In dieser Atmosphäre der Fest- und Feiertagslaune hätte eine Niederlage wie ein Stimmungskiller gewirkt. Dieses Bewusstsein sowie die Erinnerung an die beiden verlorenen Kraftproben gegen Hamburg in der vorsaisonalen European Trophy dürften die Energiespeicher gewesen sein, aus der die Eisbären ein an sich verlorenes Spiel noch drehen konnten.
Vor dem ersten Bully hatten zwei NHL-Stars per Videobotschaft zusätzlich für Hochstimmung gesorgt: Daniel Briere und Claude Giroux von den Philadelphia Flyers grüßten die Eisbären und dürften schon am Freitag gegen Spitzenreiter Köln im Eisbären-Dress auflaufen. Zweifacher Weltmeister der eine, drittbester NHL-Scorer der 24-jährige Giroux. Zwei Transfers wegen der Spielaussetzung in der NHL, die alle anderen in der DEL an Qualität übertreffen. Und für das Image des deutschen Branchenführers in der weltbesten Liga sprechen.

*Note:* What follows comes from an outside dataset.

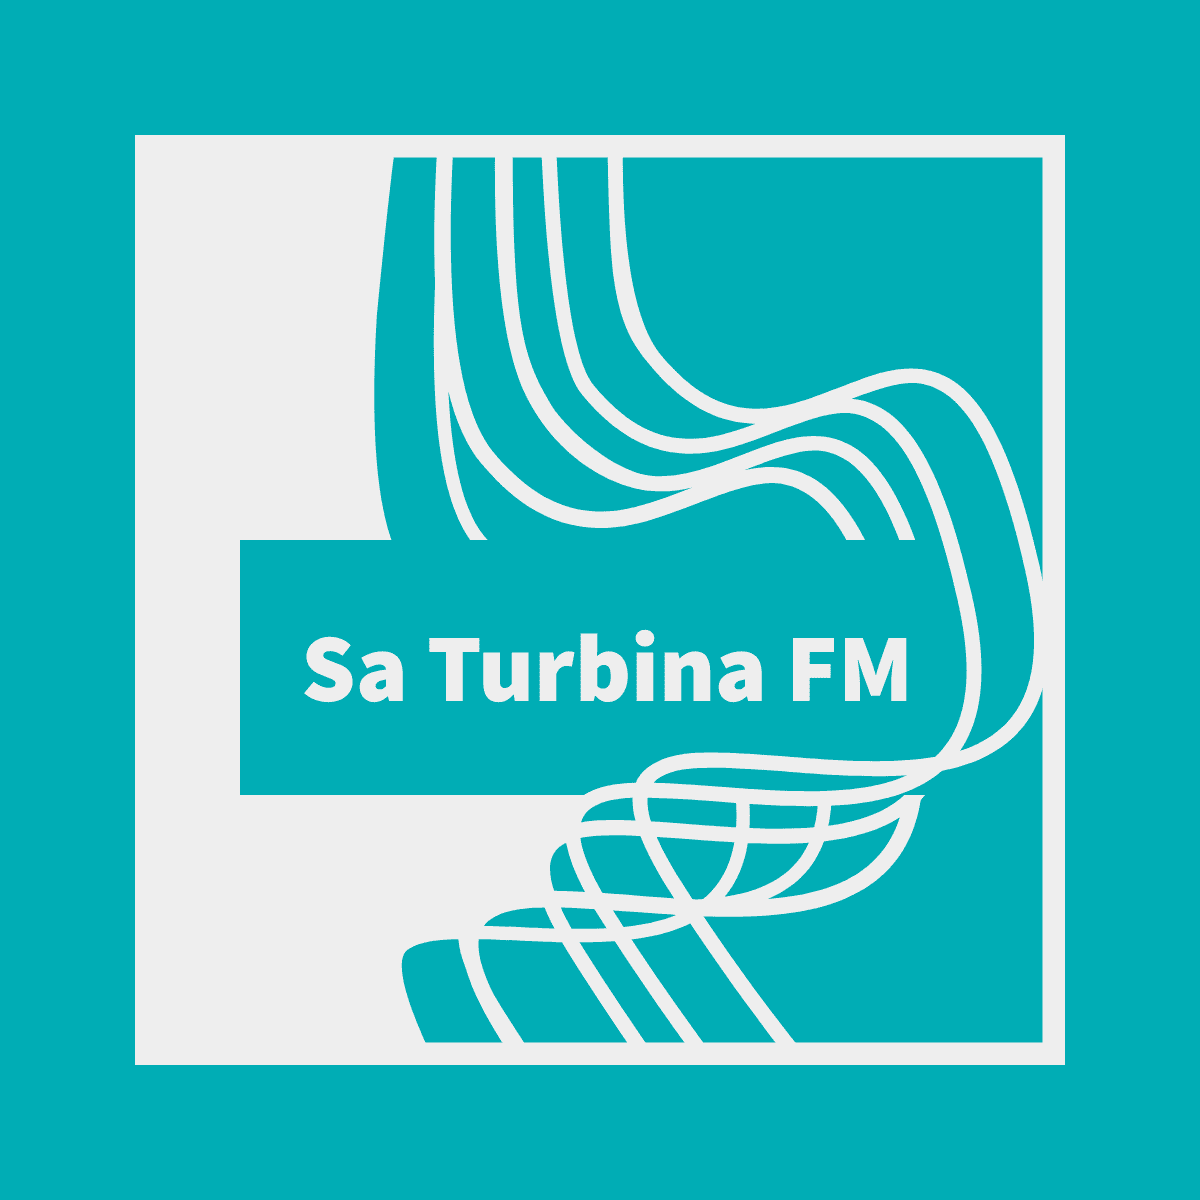 Sa Turbina FM

Dass die Berliner Erwartungen auf Qualitätszuwachs ("Im Spiel, im Training, im Kraftraum – sportlich wie menschlich können vor allem unsere jungen Spieler viel lernen", so Rankel) begründet sind, zeigte in den Hamburger Reihen NHL-Zugang Jamie Benn. Der Stürmer erzielte einen Treffer, erntete einen Scorerpunkt für eine Torvorlage und war auch im Penalty gegen den starken Rob Zepp erfolgreich.
Vor Wochen hatte Andre Rankel auf Fragen nach möglichen NHL-Zuwanderern noch scherzhaft geäußert: "Na ja, ich könnte mir schon vorstellen, an der Seite von Sidney Crosby zu stürmen. Aber das steht nicht in meiner Macht. Das ist Sache unseres Managers Peter John Lee..".
Den Goldjungen, der den entscheidenden Siegtreffer für Kanada im olympischen Finale 2010 in Vancouver gegen die US-Boys markierte und damit zum Superstar aufstieg, hat der Berliner zwar nicht bekommen. Aber dafür zwei mit einem Status, der ähnlich hoch angesiedelt ist.